3.4. Strategy 4: Feed Structure into a Transformer via Attention Bias

The hybrid approach: use a transformer as the backbone but inject structural information by modifying the attention computation. The input is still a sequence of tokens (code or linearized AST), but the attention scores are augmented with matrices encoding structural relationships — tree distances, data-flow edges, or control-flow edges.

Data flow:

Source Code
    │
    ├─────────────────────────────────────┐
    ▼                                     ▼
Tokenizer → Token Sequence          Parser → AST / DFG / CFG
    │                                     │
    │                                     ▼
    │                              Structure Extraction
    │                                │  - Distance matrix (shortest path between AST leaves)
    │                                │  - Ancestor-descendant matrix
    │                                │  - Sibling matrix
    │                                │  - Data-flow adjacency matrix
    │                                ▼
    │                           Structural Matrices (N×N per relationship type)
    │                                │
    └──────────┬─────────────────────┘
               │
               ▼
    Modified Transformer Encoder
        │  - Standard Q, K, V projections from token embeddings
        │  - Attention score = (Q·Kᵀ)/√d + f(structural_matrices)
        │  - Different structural matrices can be injected at different layers/heads
        ▼
    Contextual Token Representations (enriched with structural knowledge)
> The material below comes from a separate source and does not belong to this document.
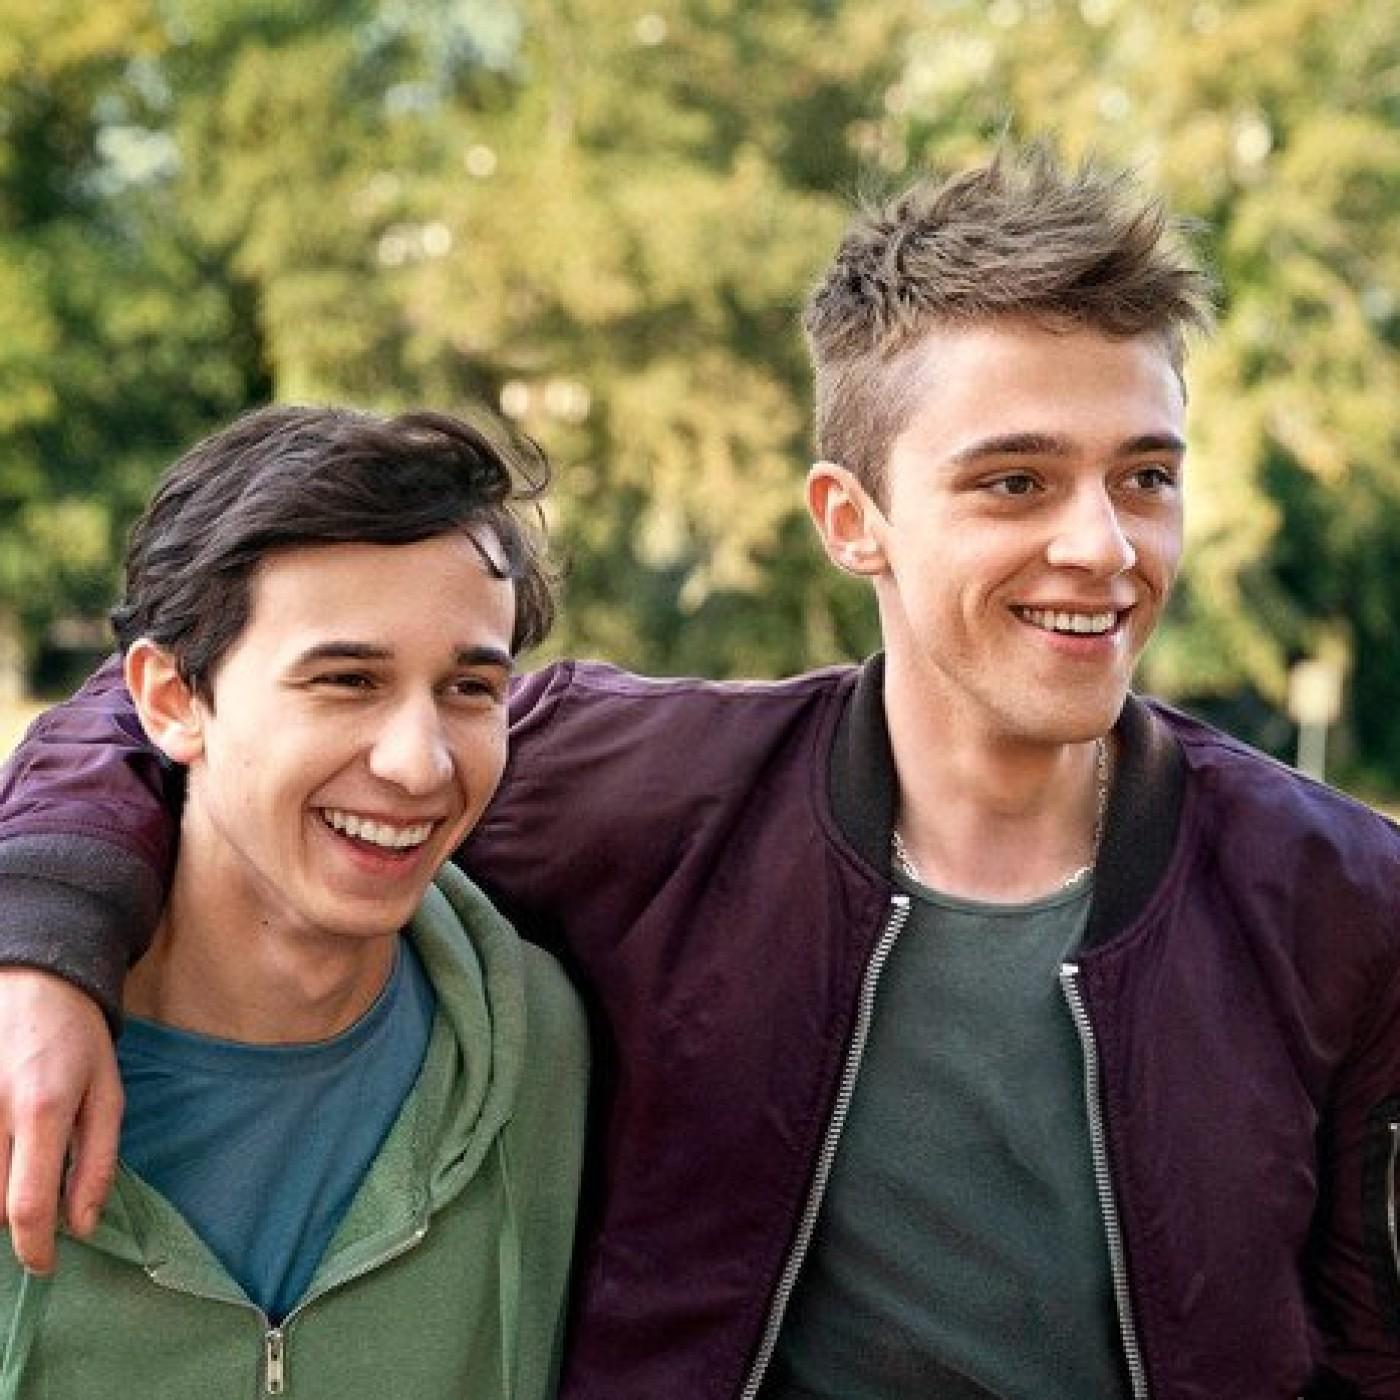 Un Vrai Bonhomme : Un teen movie original

GraphCodeBERT [3] is the canonical example. It operates on a transformer backbone (RoBERTa architecture) and incorporates data-flow structure through a graph-guided masked attention function. The model takes as input both the code token sequence and the data-flow graph, with variable nodes appended to the sequence and a masking function that controls which tokens can attend to which graph nodes [3]. Two structure-aware pre-training tasks supplement standard masked language modeling: (a) predicting data-flow edges between variables, and (b) aligning code tokens with their corresponding data-flow nodes [3].
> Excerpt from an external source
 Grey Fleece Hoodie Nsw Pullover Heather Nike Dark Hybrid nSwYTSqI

SAT (Structure-Aware Fine-tuning) [10] takes a different approach: it computes a distance matrix from the AST (shortest path between leaf nodes), extracts the attention matrix from the transformer’s multi-head attention blocks, and adds a structure loss (Sinkhorn divergence between the two matrices) to the training objective. This acts as a regularizer that encourages the transformer’s learned attention patterns to align with the tree structure.

Tree-Enhanced CodeBERTa [15] adds tree-based positional embeddings — encoding node depth and sibling index from the AST — directly into the transformer’s position encoding layer, adding approximately 0.945% additional parameters [15].
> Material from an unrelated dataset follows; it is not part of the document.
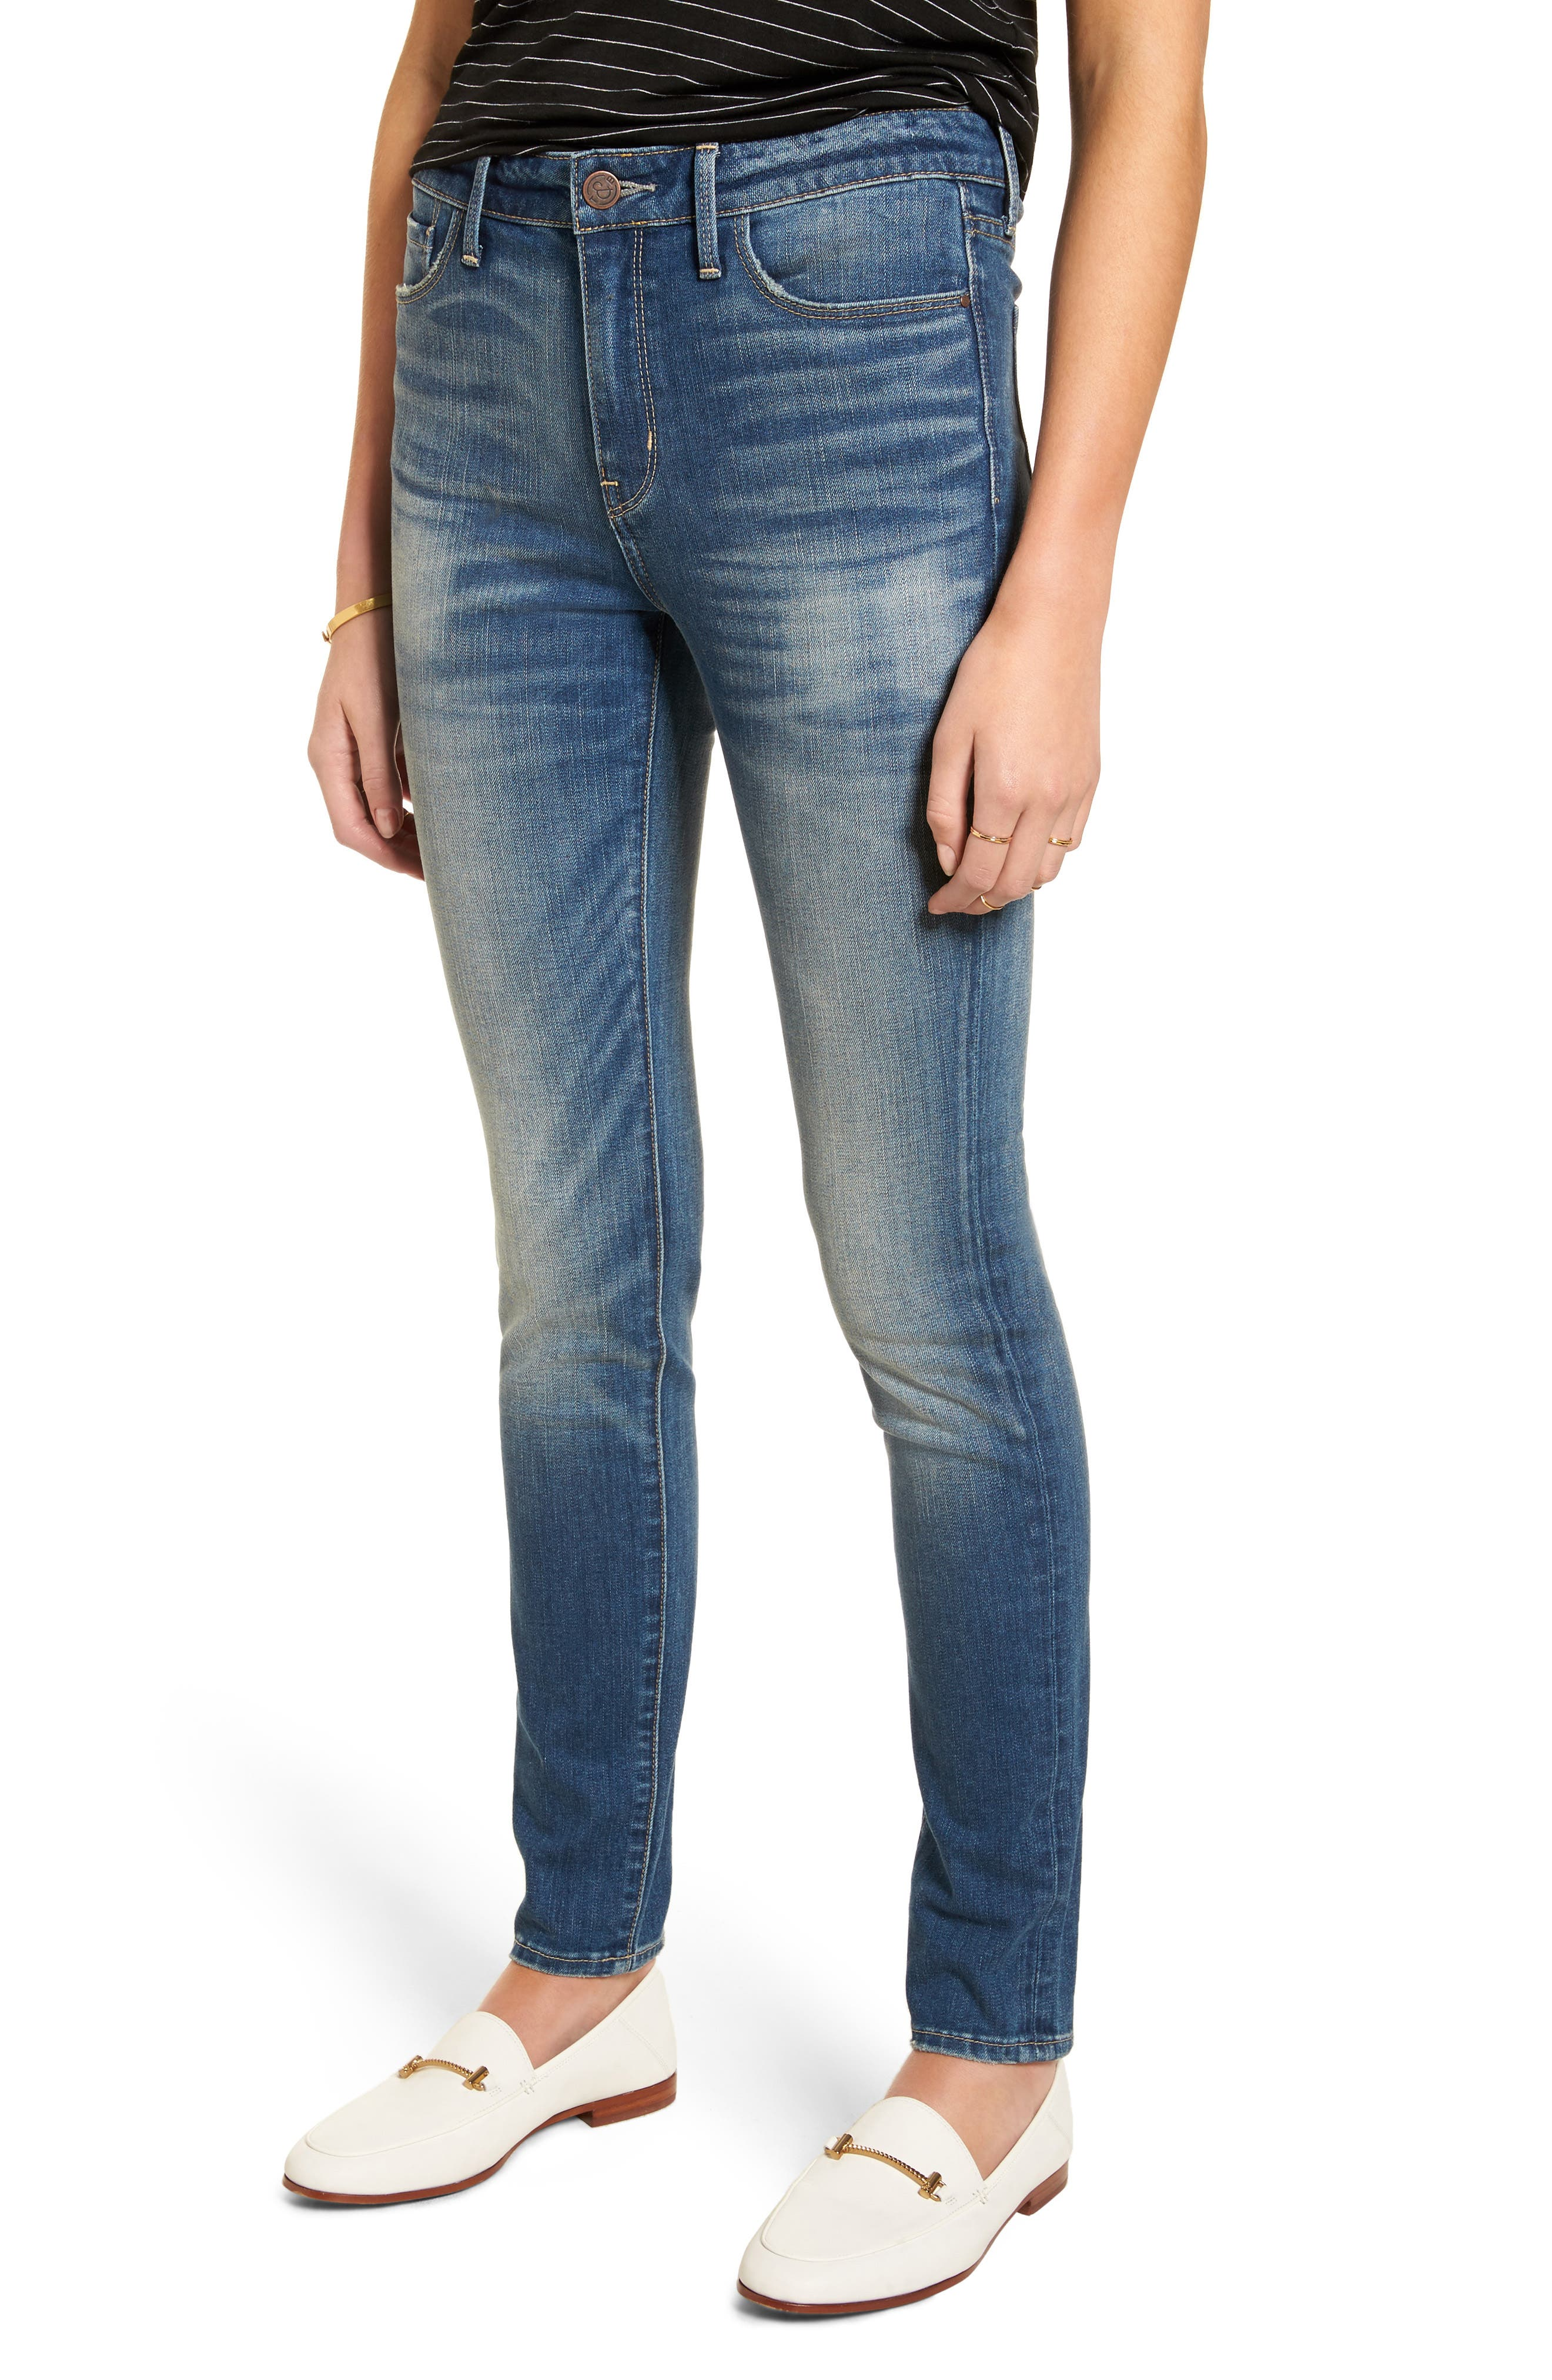 Main Image - Treasure & Bond High Waist Skinny Jeans (Rain Medium Worn)

4. Three Architectural Approaches: Detailed Analysis

4.1. Approach A: Serialized Structures in Standard Transformers

Architecture: Any off-the-shelf causal (decoder-only) or bidirectional (encoder-only) transformer, receiving a linearized representation of program structure as its token input. No architectural modifications.

When to use: When you want to fine-tune an existing pretrained code model (CodeLlama, StarCoder, DeepSeek-Coder) on structural data without modifying the model architecture. This is the lowest-engineering-effort approach.

The core constraint is sequence length. When you linearize an AST via SBT, the resulting sequence is roughly 2× the length of the raw source code [8]. AST-Transformer reported that linearized ASTs are “much longer than the source code” and that this “makes the model extremely difficult to accurately detect useful dependency relations from the overlong input sequence” while also bringing “significant computational overhead, especially for those state-of-the-art Transformer-based models where the number of self-attention operations grows quadratically with the sequence length” [8].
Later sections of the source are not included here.